EXERCISE DATA>
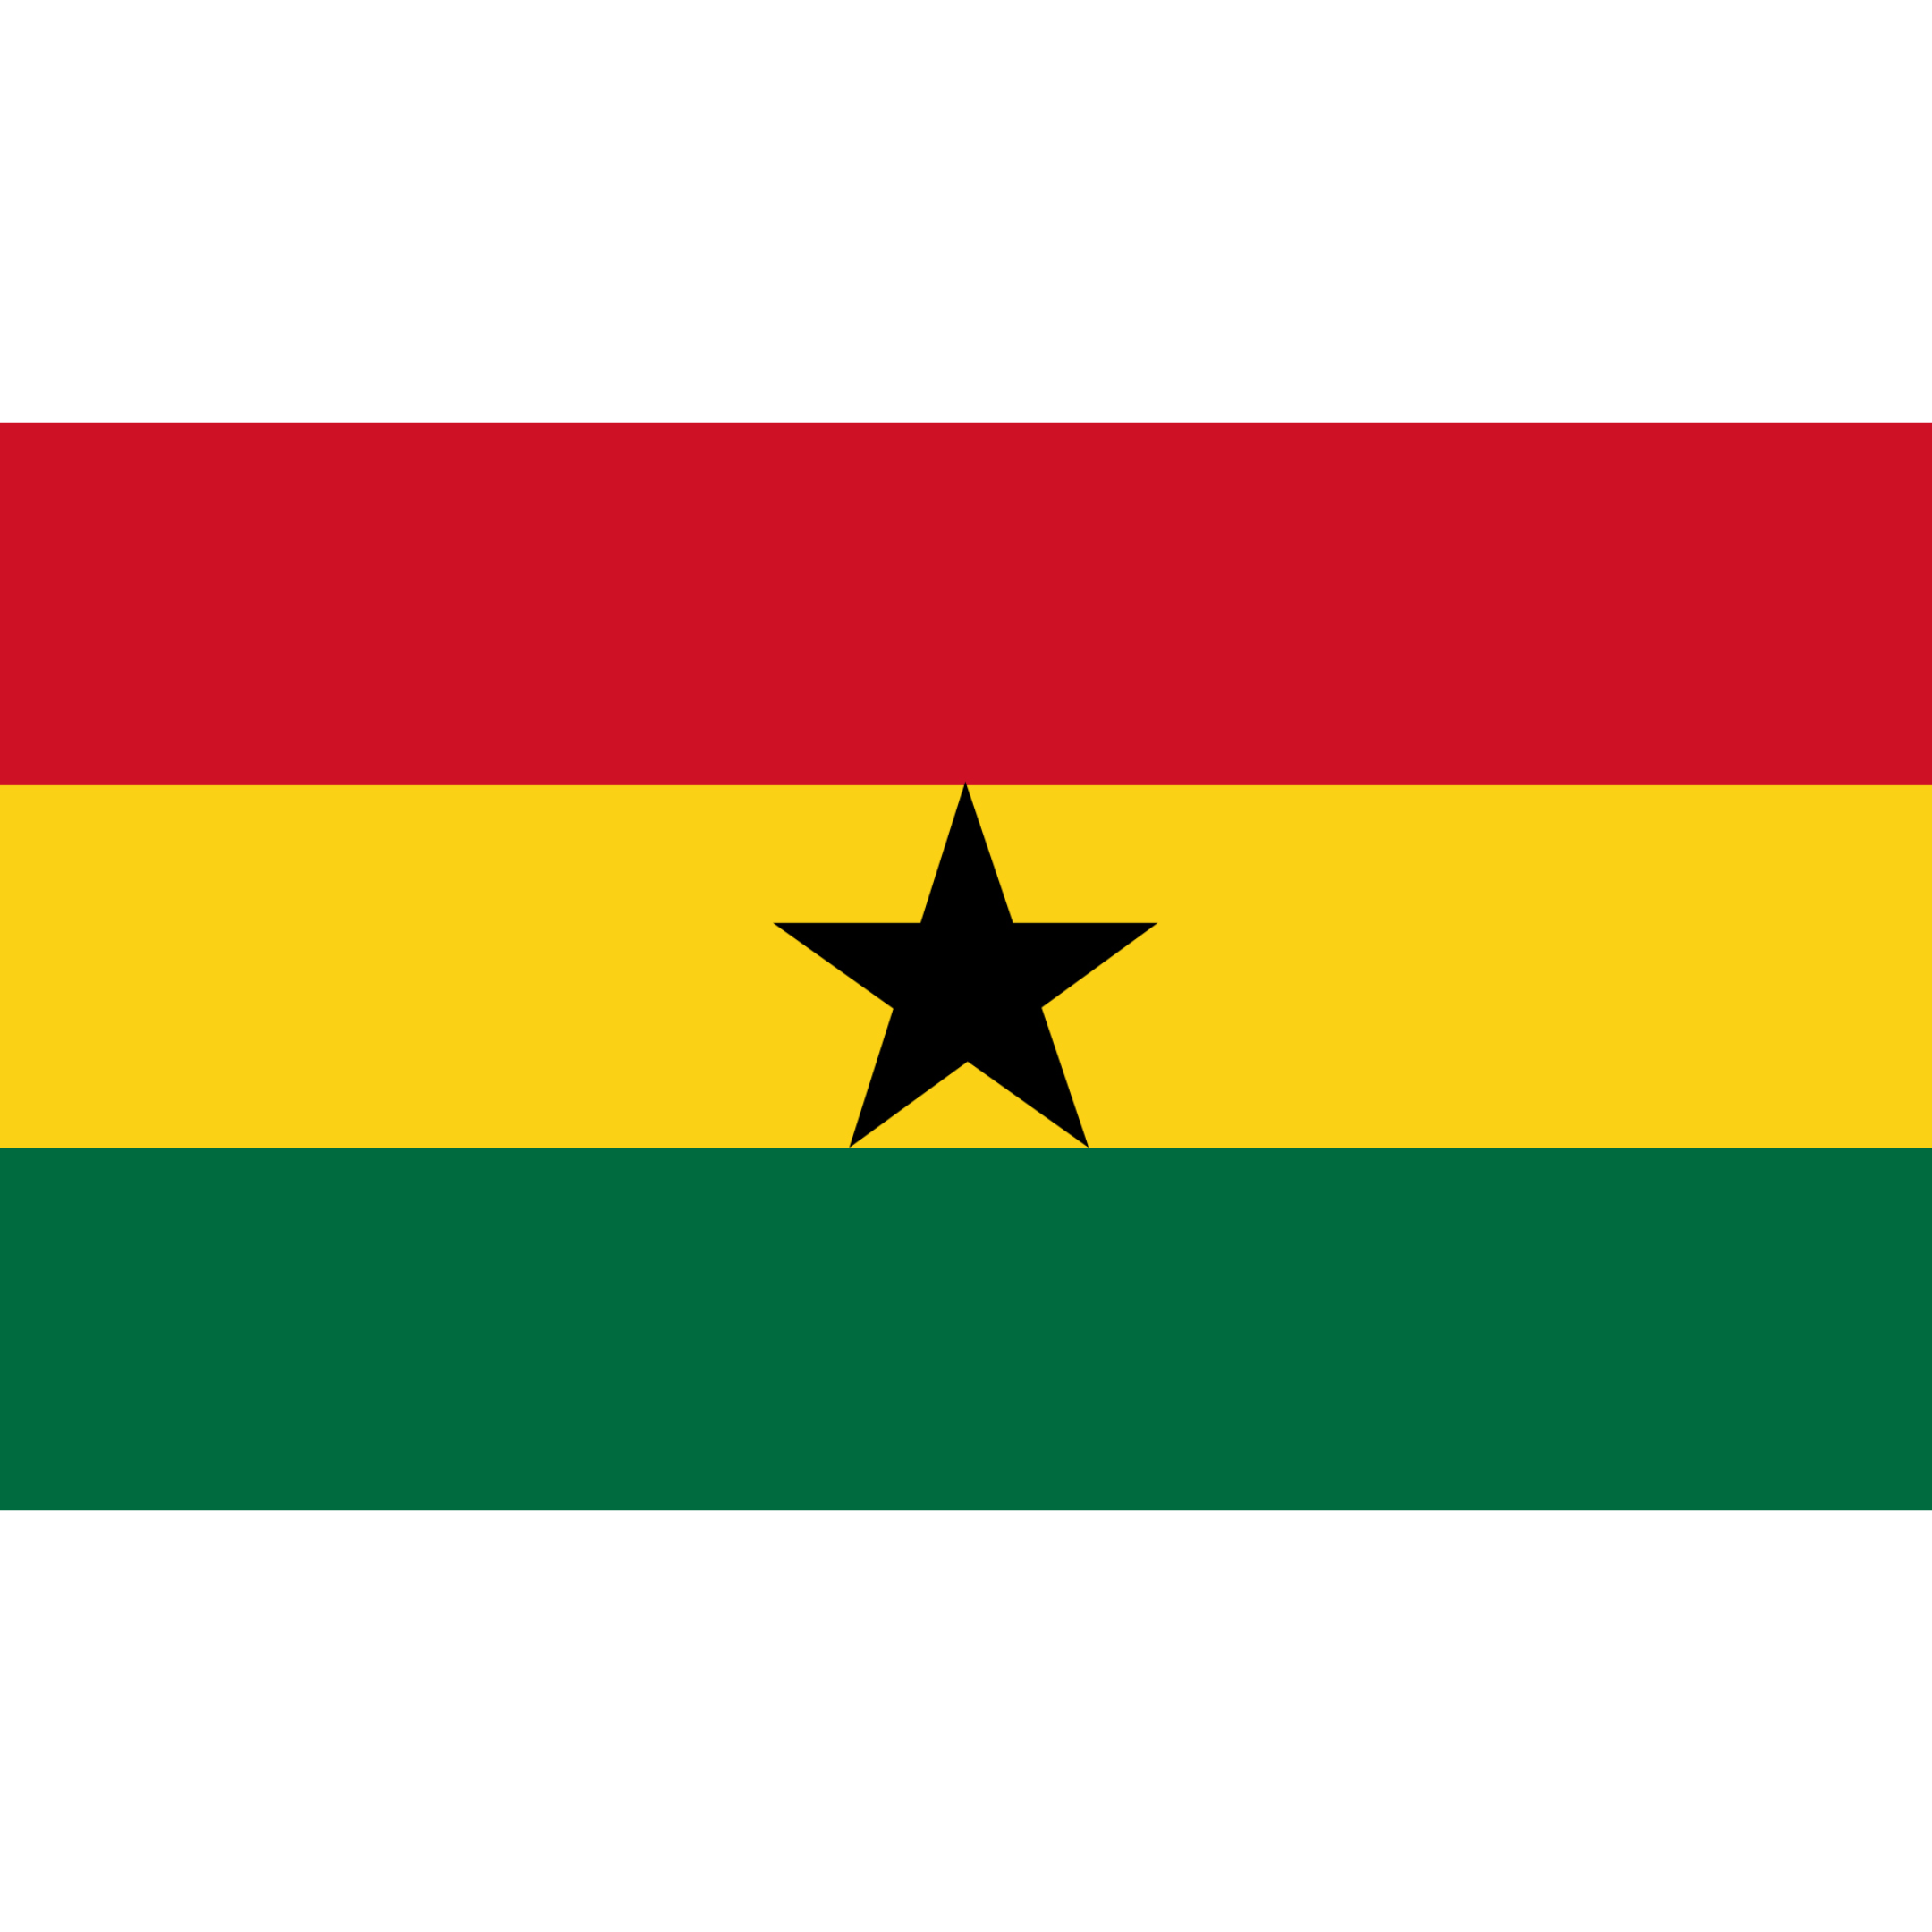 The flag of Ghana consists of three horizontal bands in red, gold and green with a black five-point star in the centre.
* * *
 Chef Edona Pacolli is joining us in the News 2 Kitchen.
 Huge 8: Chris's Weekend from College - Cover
==
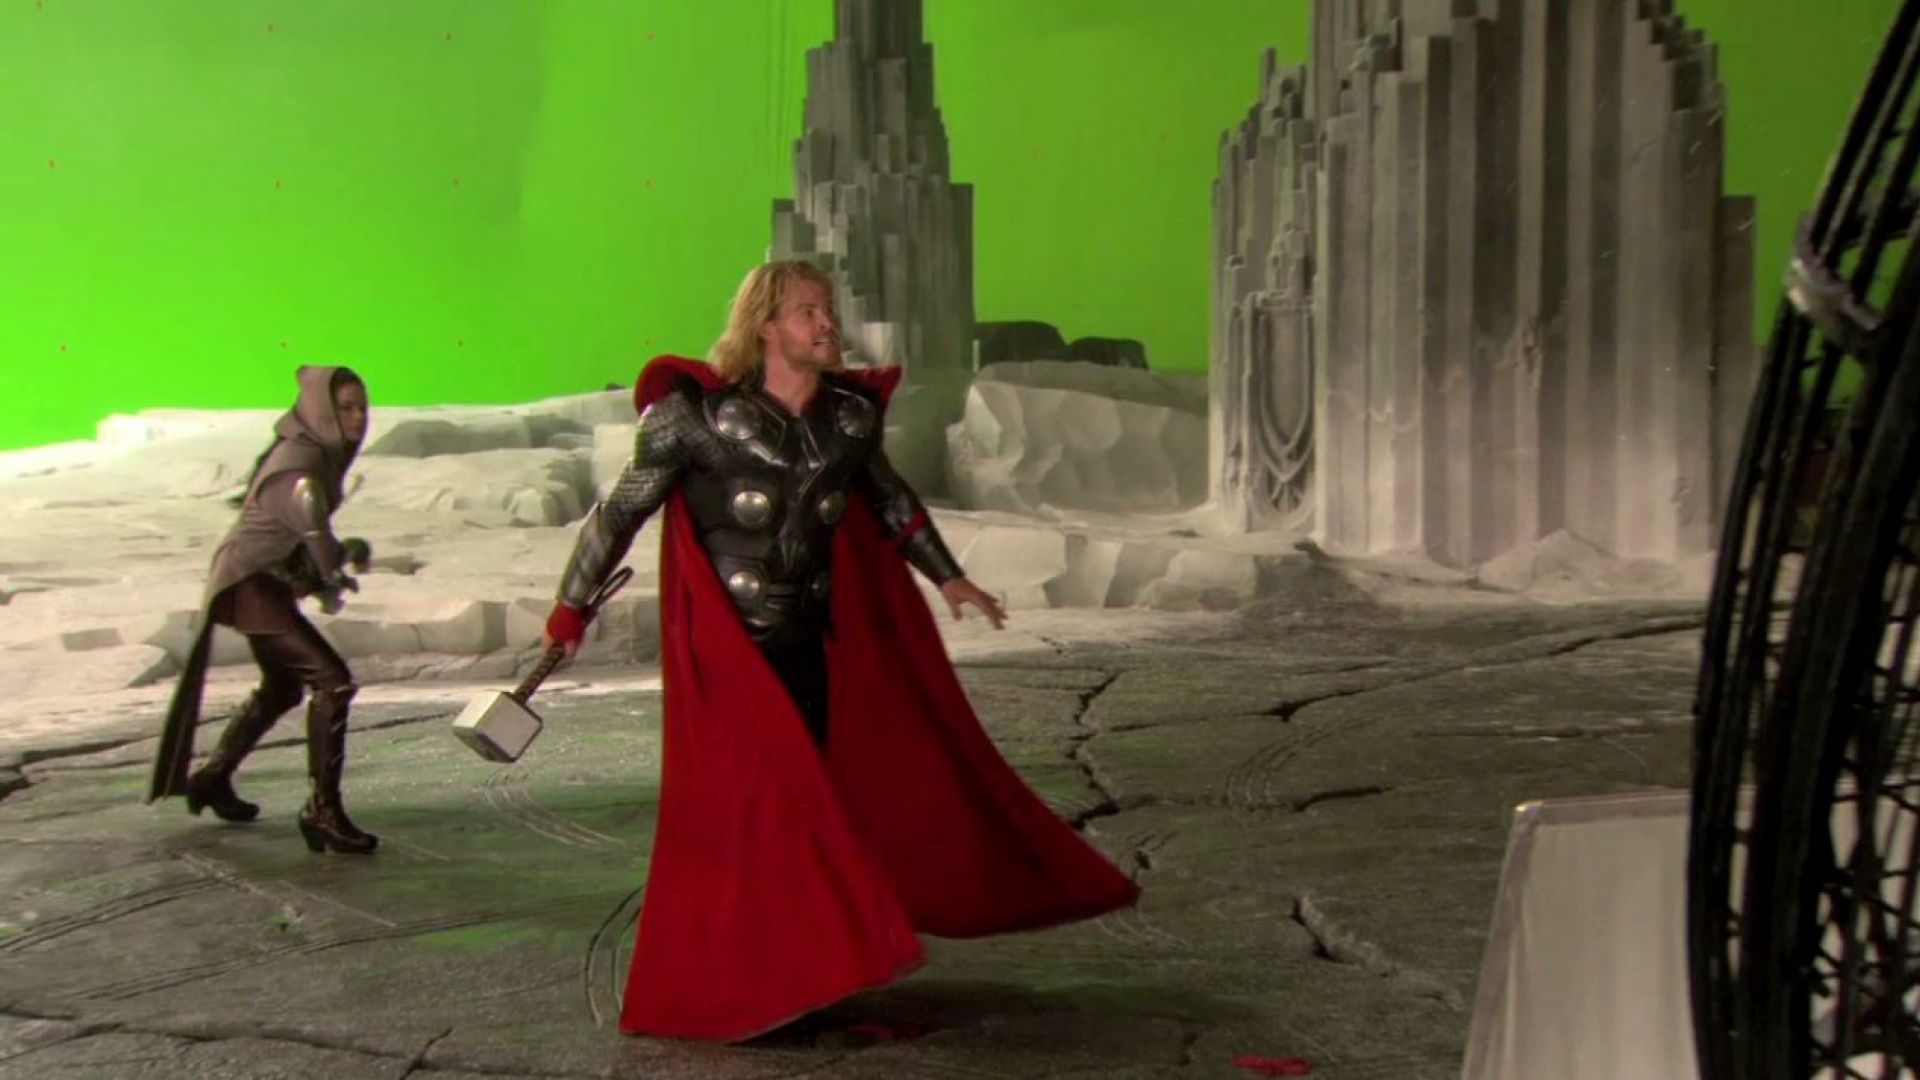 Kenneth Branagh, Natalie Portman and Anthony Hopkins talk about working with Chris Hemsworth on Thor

HOW TO COMPLETE THIS TASK>
Above are the records; from them, give again exactly the lines from the one containing "Chef Edona Pacolli" to the one containing "Huge 8: Chris's Weekend from College - Cover", both lines included, and nothing more.

OUTPUT OF THE TASK>
 Chef Edona Pacolli is joining us in the News 2 Kitchen.
 Huge 8: Chris's Weekend from College - Cover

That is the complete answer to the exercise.